Y sobre la segunda mitad del mito: sí existe un instrumento propio, y no necesita batería. La percepción de esfuerzo —cuán duro se siente lo que estás haciendo— se viene usando en ciencias del deporte como medida válida desde hace décadas, porque sube junto con los marcadores objetivos de carga (Borg, 1982).

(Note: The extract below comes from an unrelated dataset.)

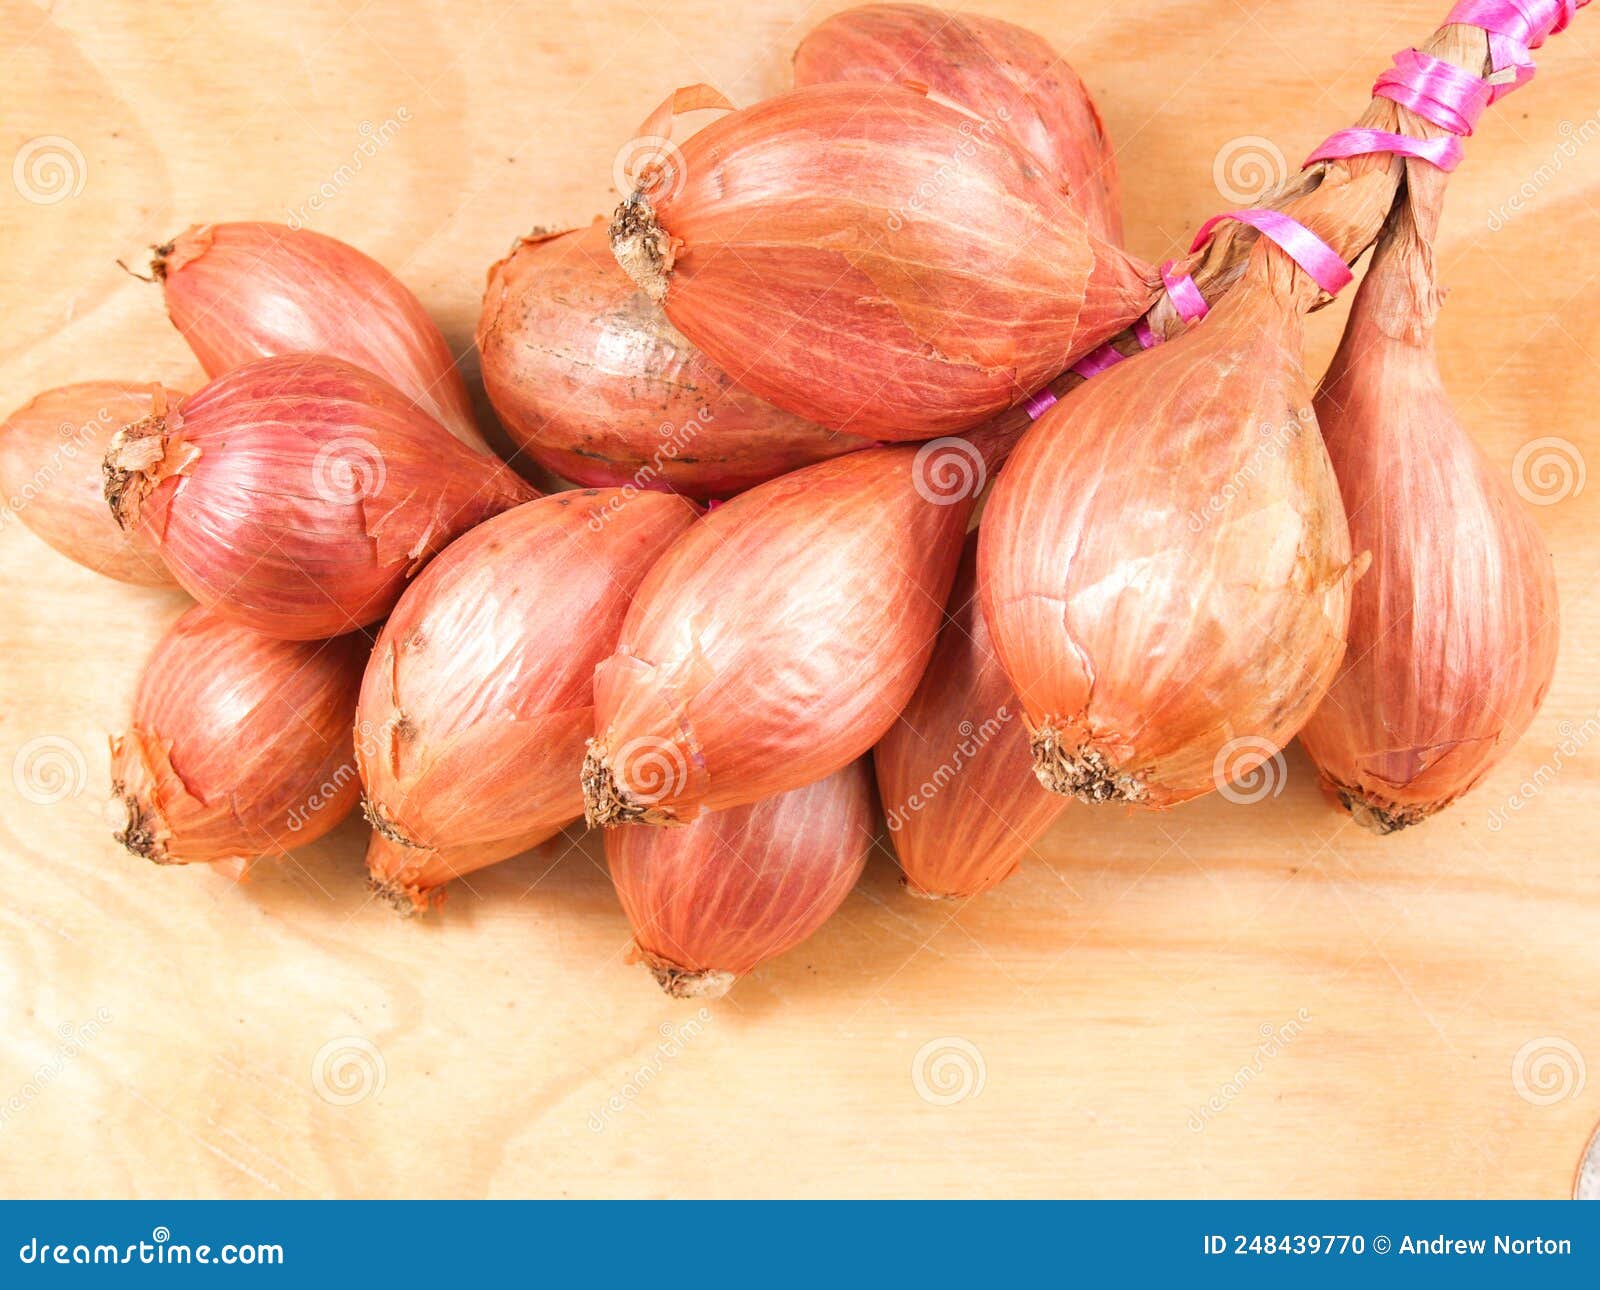 2,840 Banana Shallot Royalty-Free Images, Stock Photos & Pictures

Tú tienes esa lectura disponible en cada serie.
Qué significa para ti: cómo saber si estoy haciendo bien el ejercicio
Ordena las señales en tres cajones y la mayoría de las dudas se resuelven solas.
El que frena siempre. Dolor agudo, puntual y de un solo lado. Dolor en una articulación, que se siente mecánico y localizado, no como una molestia pareja del músculo. Cualquier cosa que te cambie la forma de moverte: si cojeas o compensas, el movimiento ya votó. Y aparte, sin discusión posible: dolor en el pecho, presión, falta de aire desconocida o mareo durante el ejercicio terminan la sesión y se consultan con un médico ese mismo día. Esta lista es corta justamente para que sea absoluta.
El que se entrena con ajustes. El ardor de una serie exigente, que se va en minutos. La falta de aire en un ritmo alto. El dolor muscular parejo, en los dos lados y en su horario esperable. Nada de eso pide abandonar: pide una sesión más suave, no ninguna sesión.
El ruido. El «hoy no puedo» que aparece con puntualidad sospechosa a la hora exacta de entrenar suele ser cansancio mental disfrazado. Empieza igual, en la versión fácil, y decide en el minuto diez: el cansancio real se hace más evidente y se gana el derecho a parar; el otro se disuelve.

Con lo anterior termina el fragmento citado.